I realised how bad this would be when I got to your example. It sounded good for memorisation until then. I taught my Dad FRUR'U'F' and FURU'R'F' like Fra-Rough and Für-Urf. It really helped him. So this sounded good, but that's a ridiculous amount of syllables for a T-perm.


----------



## CubicNL (Dec 3, 2011)

The only useful thing that could be added to notation is grip indication, though I think even that wouldn't work quite well.
I just don't really see what makes this better than the standard notation.


----------



## chrissyD (Dec 3, 2011)

Ever heard of KISS?

Keep It Simple Stupid

This is far too complicated. I mean CeSeCaSaCaFeCemSaCaSaCeSeCaFa as a T perm? Looks like something a French person would say.

The current notation is simple, easy to follow and makes sense. This however is none of those.



Owen said:


> The current notation is NO FUN.



Since when was notation meant to be fun? It's not designed to entertain you...


----------



## Owen (Dec 3, 2011)

This notation is very simple. Two letters for a move, all strung together.

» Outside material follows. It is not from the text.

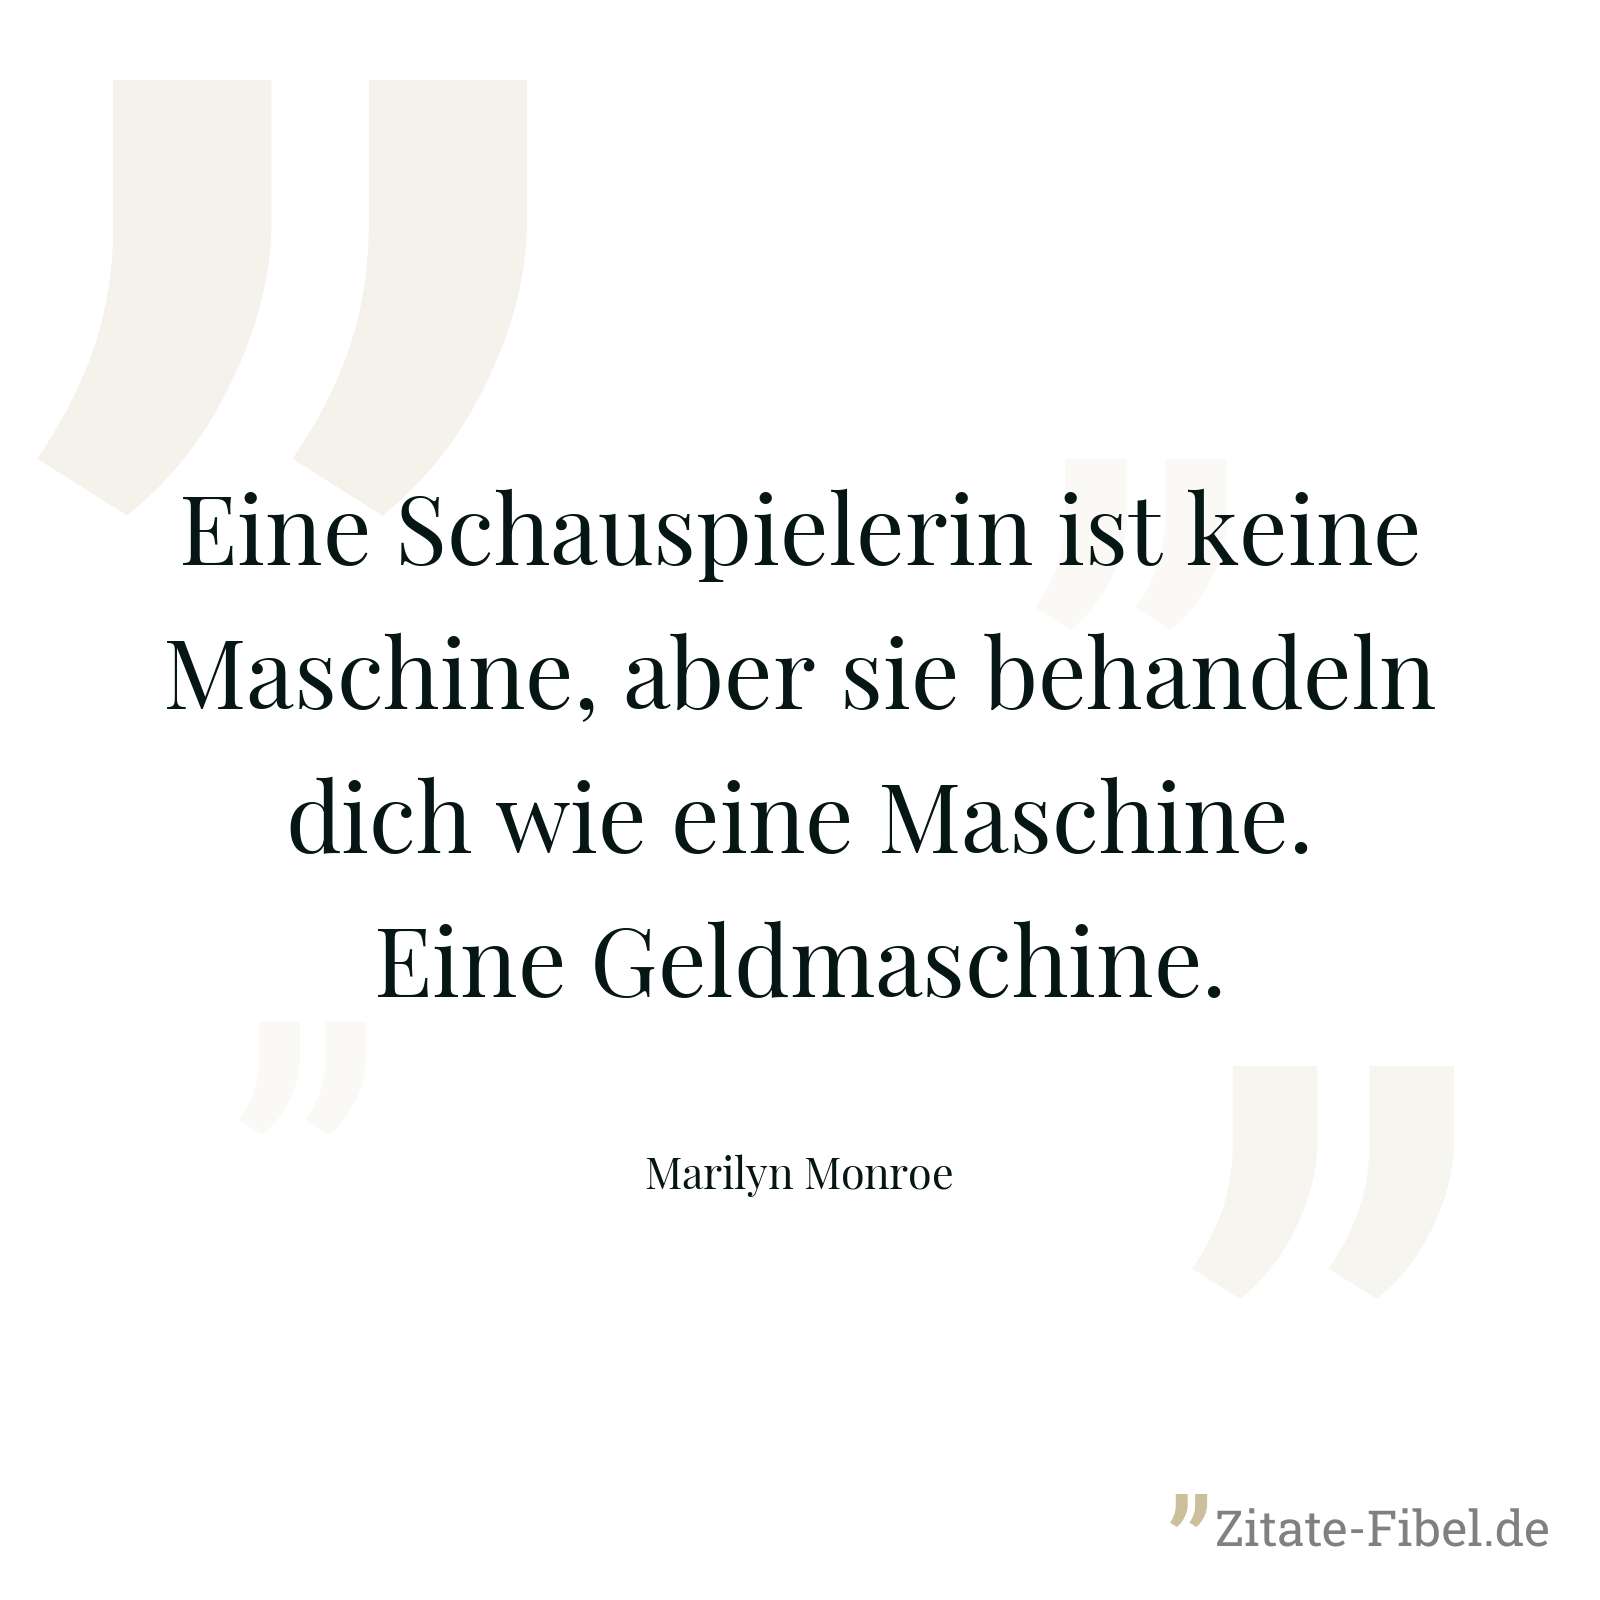 Eine Schauspielerin ist keine Maschine, aber sie behandeln dich wie eine Maschine. Eine Geldmaschine. - Marilyn Monroe

No spaces, to apostrophies, no confusing formatting.


----------



## chrissyD (Dec 3, 2011)

How about...

We have notation where there is only one letter for a move and that letter corresponds to a certain face.

For example F will be front face, R will be Right face, L will be Left face. There will also be a space between each letter to make it easy to read and an apostrophe after some letters to distinguish which direction to turn the face.

If only such simple notation existed...


----------



## qqwref (Dec 3, 2011)

Owen said:


> No spaces, to apostrophies, no confusing formatting.


RUR-U-R-FR2U-R-U-RUR-F-


----------



## zmikecuber (Dec 3, 2011)

I think its just too much to memorize, and "Ce" being R. I mean R is self explanatory. R for right.

Something like Ra would even be simpler and more self explanatory... idk, I just dont really see a need for this, although its an interesting idea.

Make the sounds for the moves relate more to the move which they represent.


----------